**What is being asked**
Everything in the data below is left aside except the lines from the one containing "最新富豪榜出炉,刘强东与马云、马化腾的差距究竟有多大?" through the one containing "Islami Bank Hospital"; repeat those exactly.

**Source material**

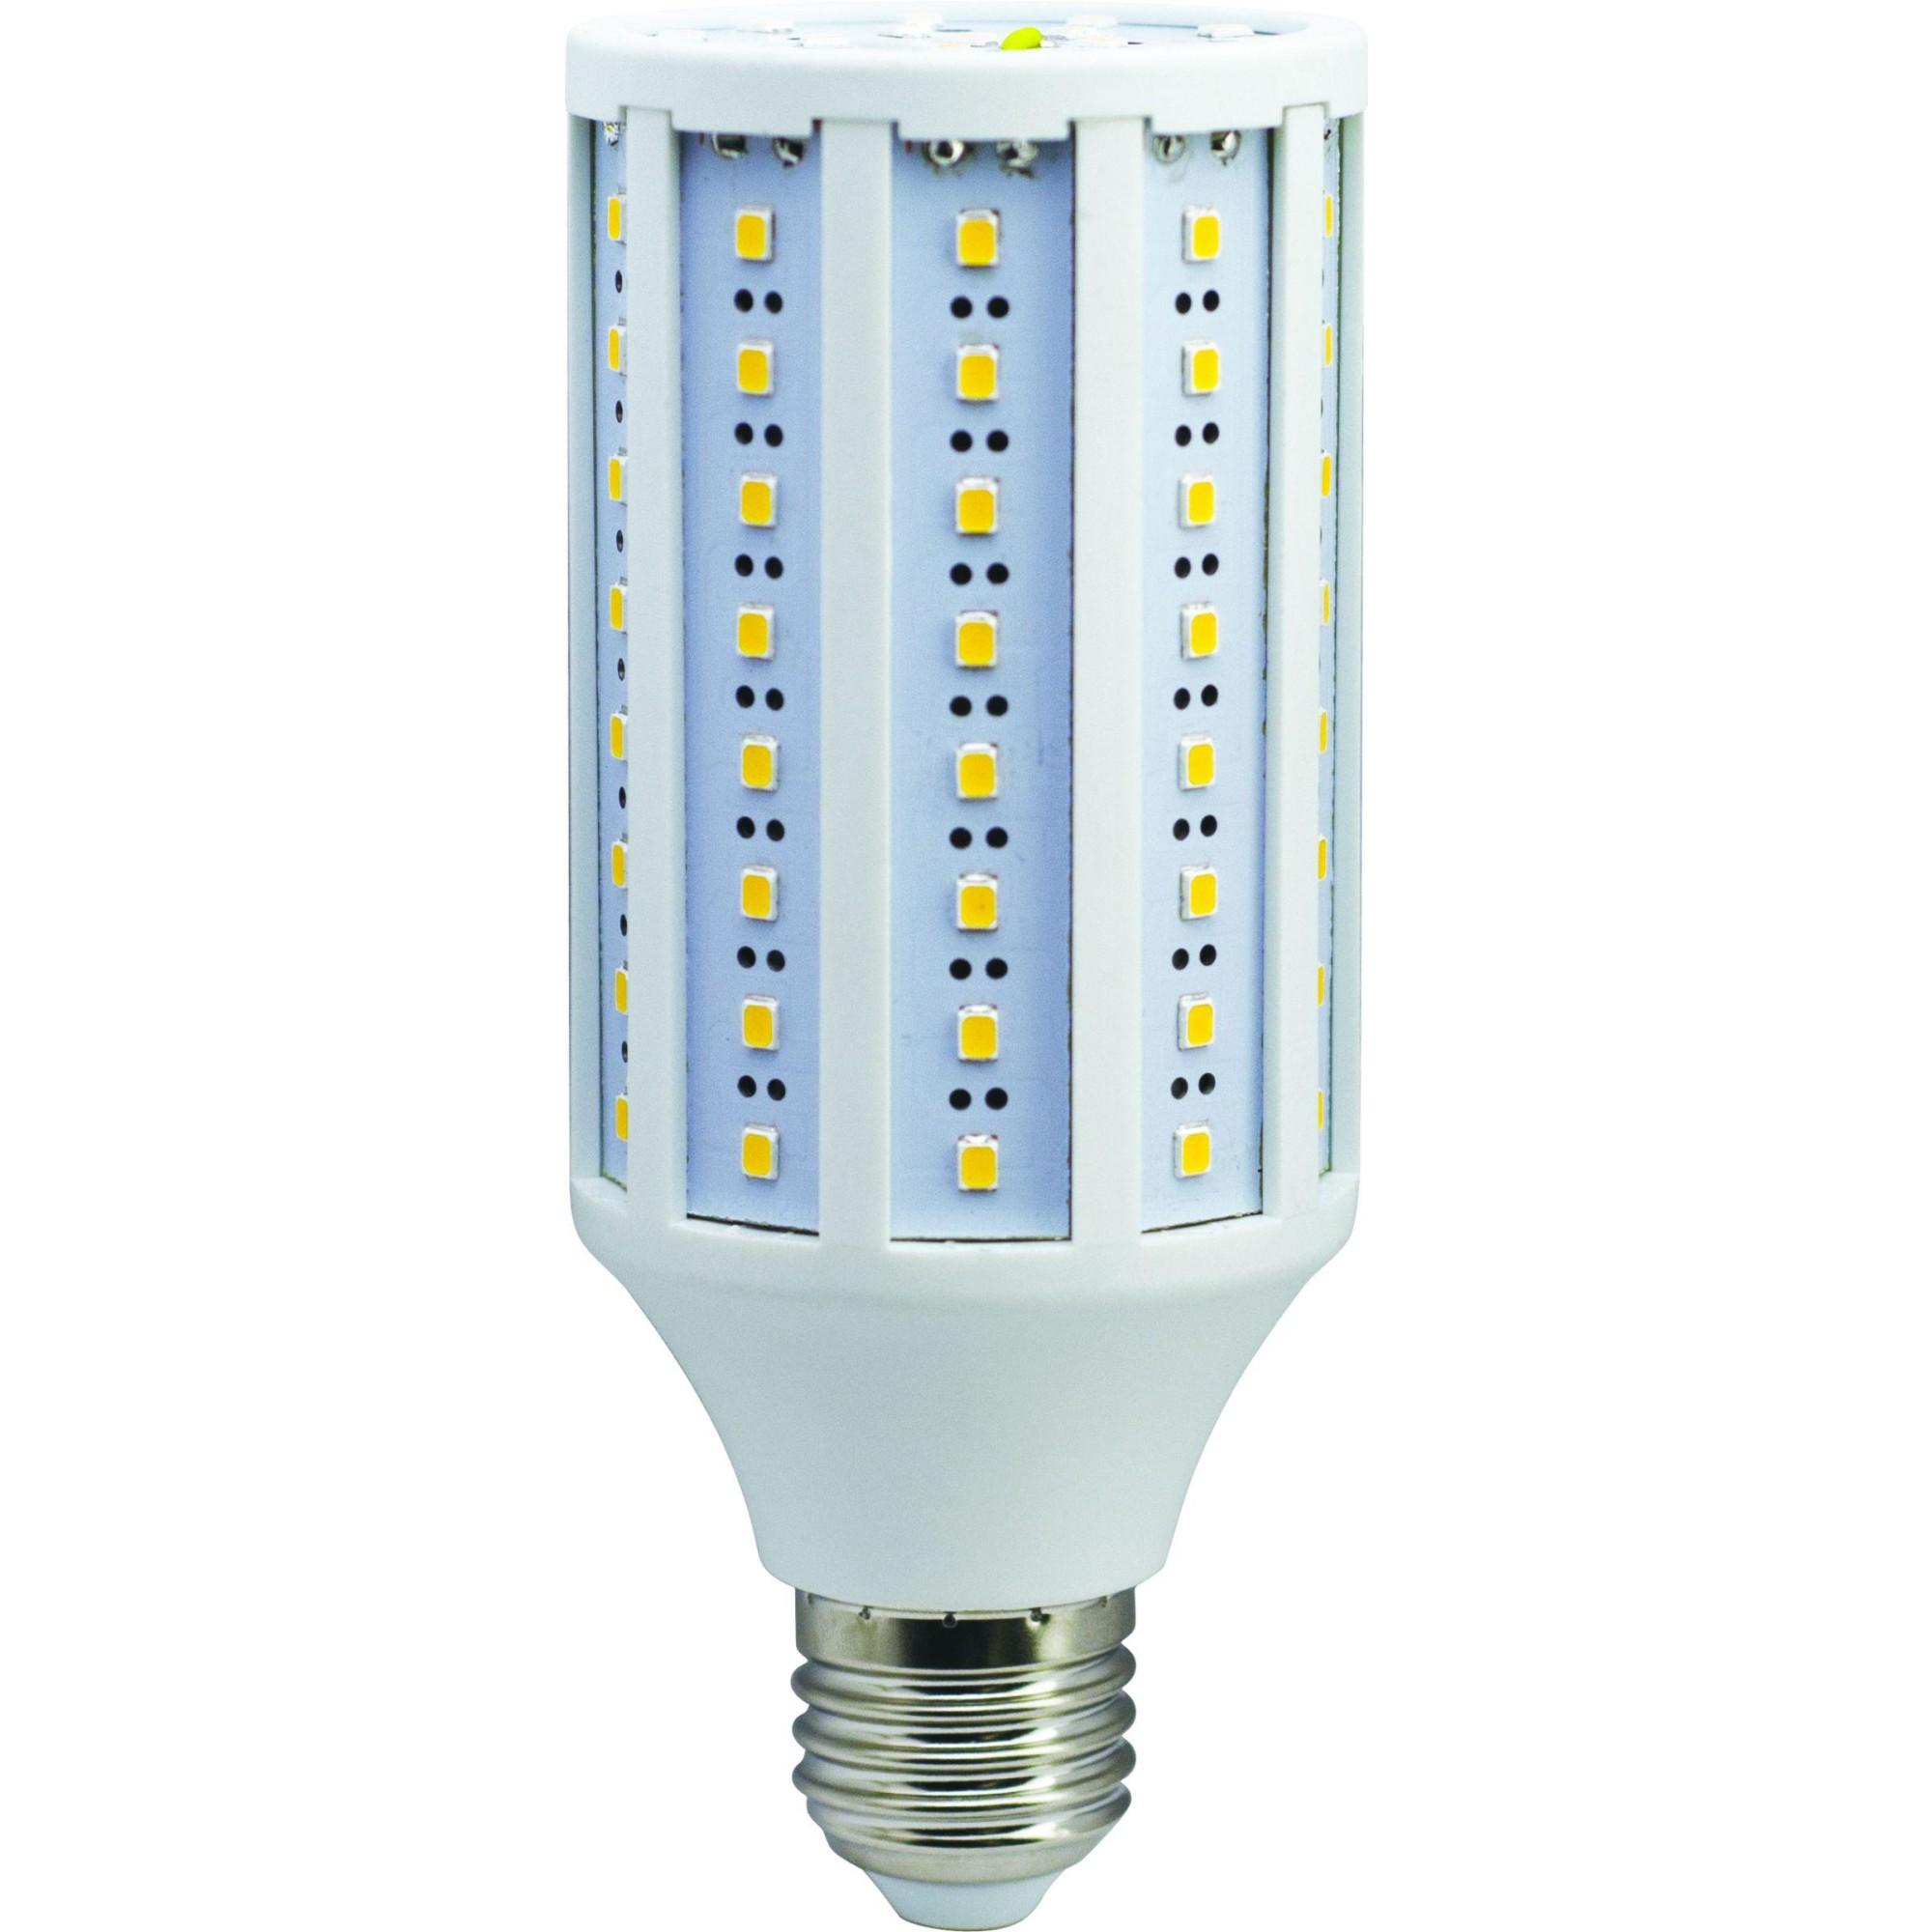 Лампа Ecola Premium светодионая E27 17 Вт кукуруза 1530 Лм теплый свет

---

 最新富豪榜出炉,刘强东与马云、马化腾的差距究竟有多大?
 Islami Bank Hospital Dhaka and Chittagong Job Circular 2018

**Task answer**
 最新富豪榜出炉,刘强东与马云、马化腾的差距究竟有多大?
 Islami Bank Hospital Dhaka and Chittagong Job Circular 2018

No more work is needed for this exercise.